The background suppression constraint module performs binarization processing to change all pixel values of the frame image which are not 0 to 1.

Because the foreground object and the background object both move continuously in the video, and the change of the pixel value is continuous, when the moving object passes through a certain area, the pixel value of the area changes, and the fluctuation of the pixel value is also taken as potential feature extraction in the process of extracting the feature by the algorithm, thereby causing false detection.

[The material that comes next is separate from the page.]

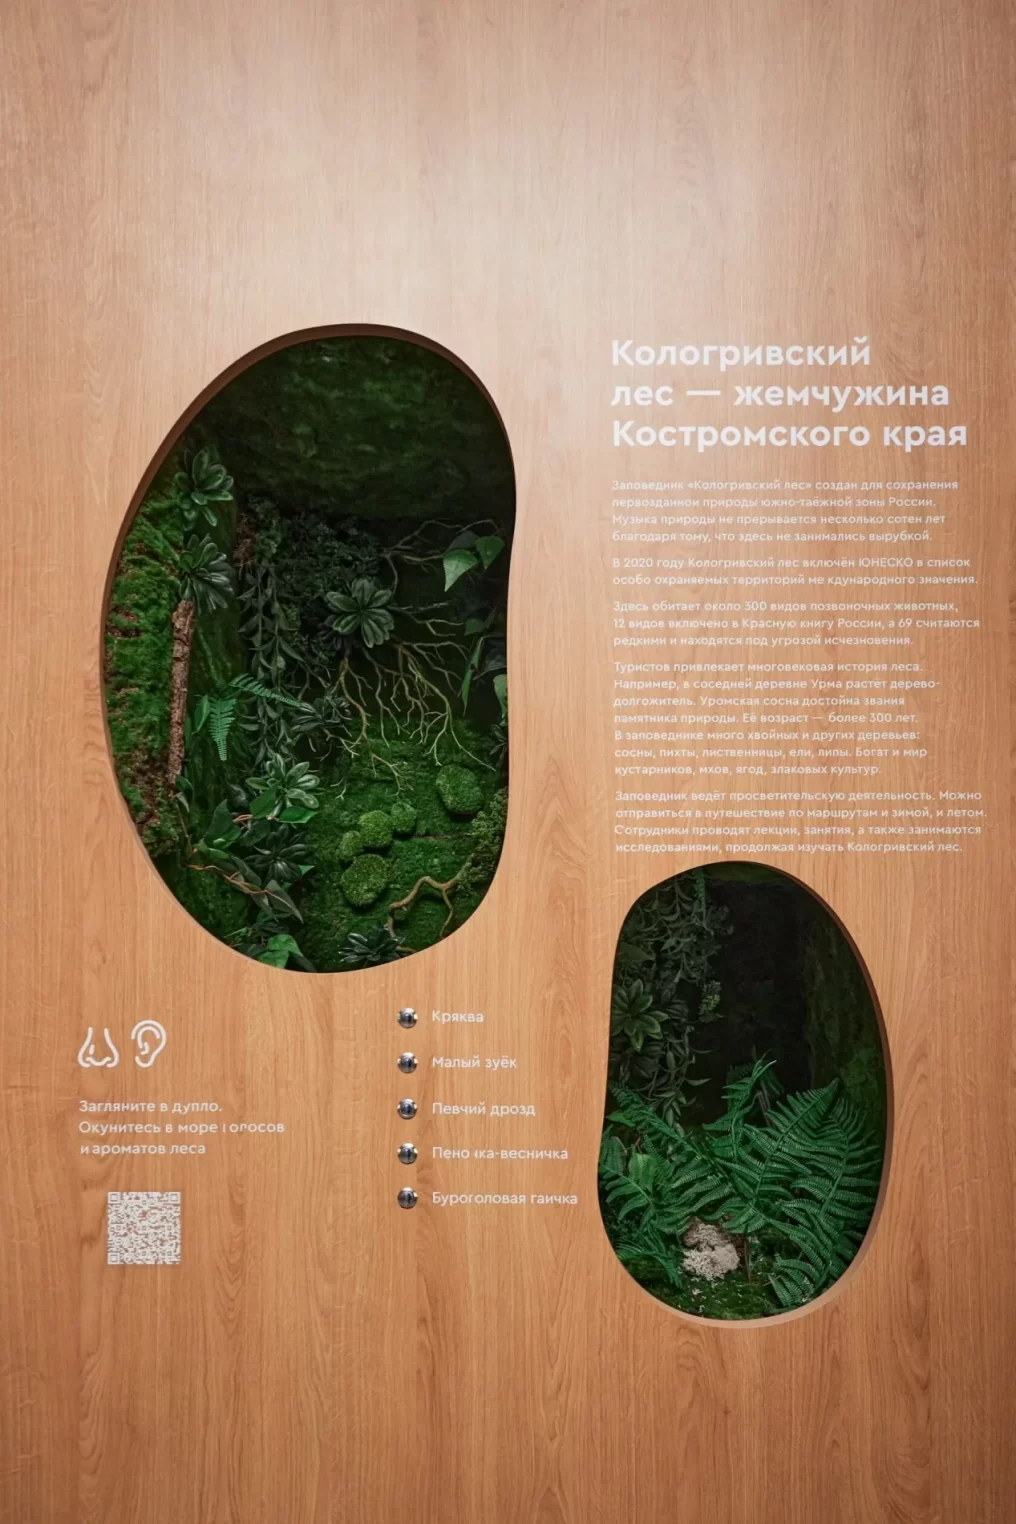 Стенд Костромской области из 9 деревьев на выставке "Россия" придумали москвичи

In this example, the binarization process would be to normally-behave frame images

And predicting the result

All the pixel values which are not 0 in the background image are changed into 1, and then the problem that the pixel value of a moving target passing area is not 0 caused by target motion is solved through the difference frame of the two pixel values, so that dynamic background information is suppressed, and the accuracy of detection is improved.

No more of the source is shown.